Efficacy- medications ability to cause desired response.
Avidity- the strength of the binding.

Question 24

Pharmacokinetics

Answer 24

What the body does to the drug.
ADME
Absorption- active or passive.
Distribution- transport of medication from site to the site of action
Metabolism- anabolism (building up) & catabolism (breaking down) includes first pass effect from liver.
Excretion- medication/metabolites moves from the tissues back into circulation to organs of excretion eg kidneys, liver, intestines, lungs, sweat.
Allows for safe & effective use of drugs in patients.

Question 25

Homeostasis

Answer 25

The regulatory process that organisms employ to maintain internal stability and metabolic efficiency despite external changes. Complex interactions between the nervous and endocrine systems to maintain balance. The ability of organisms to keep their internal chemical composition constant.

Question 26

Fibrinolysis

Answer 26

The biological process responsible for the dissolution or breakdown of fibrin clots. Fibrin clots are formed during haemostasis to prevent blood loss following a vascular injury.
tPA mainly activates plasminogen which generates enzyme plasmin causing proteolytic reactions. PAI-1 inhibits the activity of tPA and controls the rate of fibrinolysis.

Question 27

Coagulation

Answer 27

The physiological process that prevents excessive bleeding following vascular injury.
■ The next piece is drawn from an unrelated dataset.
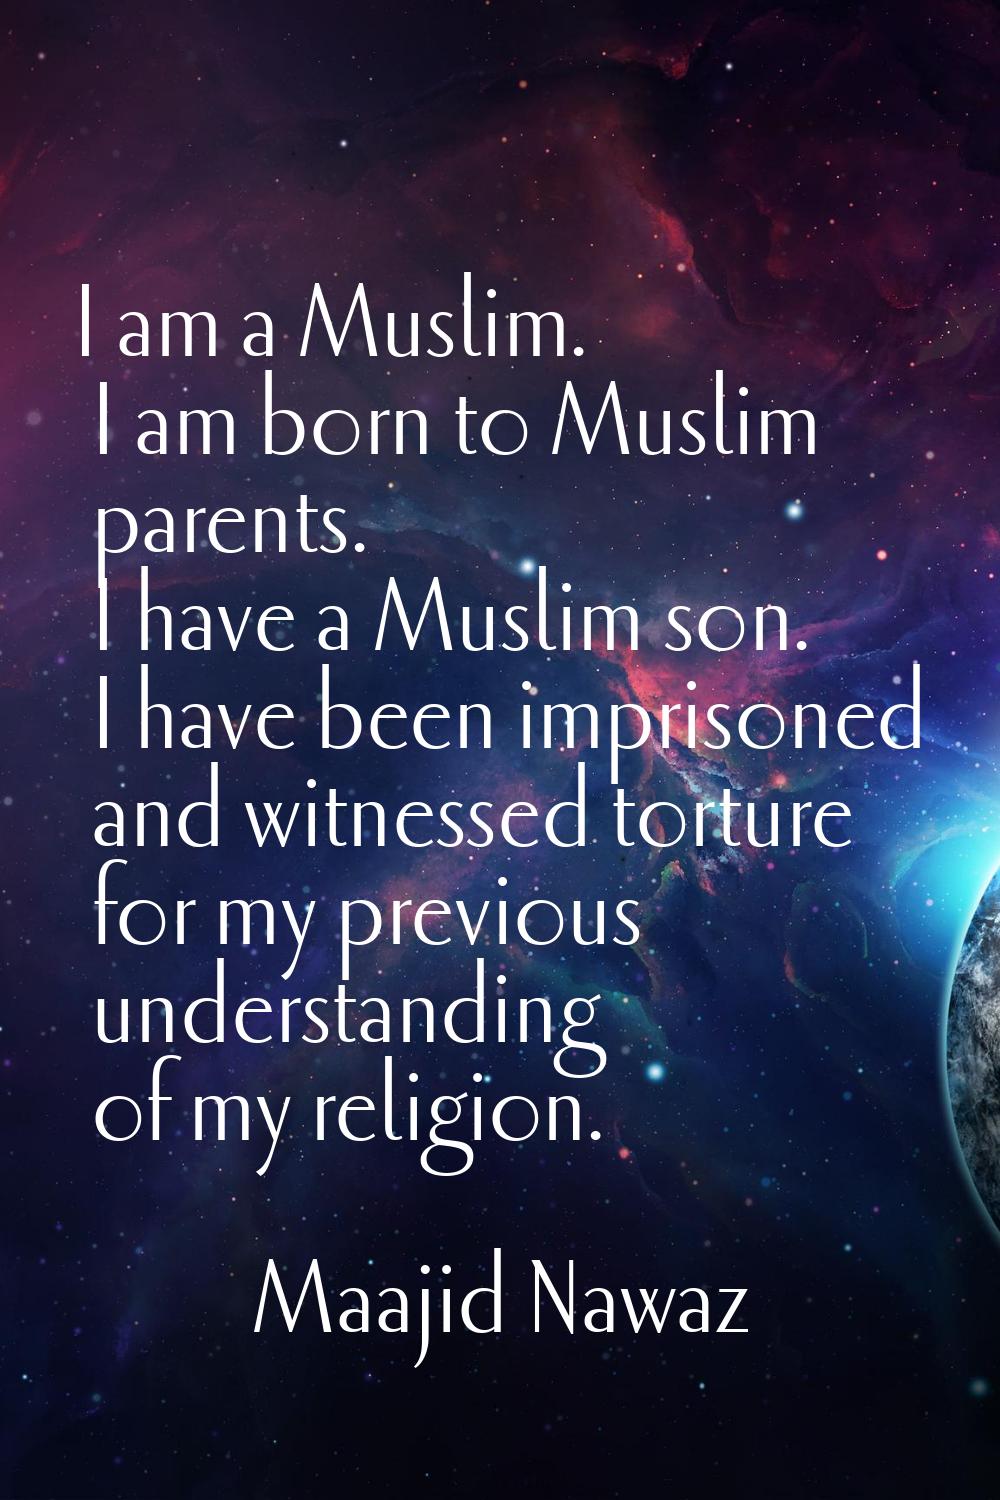 I am a Muslim. I am born to Muslim parents. I have a Muslim son. I have been imprisoned and witness

Mechanisms that work together to seal off damaged blood vessels and restore normal blood flow.
Damaged blood vessel or tissue—> platelets & clotting factors are activated —> platelets stick together to form a haemostatic plug over the wound —> platelets release chemicals that form fibrin that act as a mesh to stop bleeding —> a clot forms over the damaged area which the body will dissolve when the injury heals.
Endothelial cells also play a crucial role in normal circumstances & when injury arises.

Question 28

Allergic reaction

Answer 28

A hypertensive immune response to a normally harmless substance

APC takes allergen & divides it up into fragments & displays them on surface —> APC activates Th2–> Th2 releases chemical signals that cause B cells to develop into antibody producing plasma cells which make IgE (allergen specific) —> distinct reaction & IgE binds to mast cells—> re-exposure —> allergen binds to specific IgE on mast cells—> release of histamines & leukotrines —> Th2 & mast cells induce further immune cells such as eosinophils & basophils—> further amplify symptoms

Question 29

Hemostasis

Answer 29

Series of rapid defensive reactions to stop excessive bleeding & promote healing after a vascular injury

Governed by clotting factors and platelets only at the injury site

Vascular phase- blood vessels constrict to reduce blood flow

Platelet phase- collagen from damaged endothelial cell lining initiates platelet adhesion - form loose platelet plug (platelet aggregation) & then releases clotting factors

Coagulation phase- clotting factors converts fibrinogen into insoluble fibrin strands = mesh work to solidify platelet plug into a stable clot

Question 30

Blood pressure imbalances & circulatory shock

Answer 30

Homeostatic imbalances can abruptly change blood pressure.
HTN = sustained bp of 130/80 or more (obesity, alcohol, stress, genetic predisposition)
Hypotension= 90/60 or less (dehydration, blood loss, or sepsis)

Circulatory shock- inadequate blood flow & reduced ability to supply nutrient & oxygen to tissues.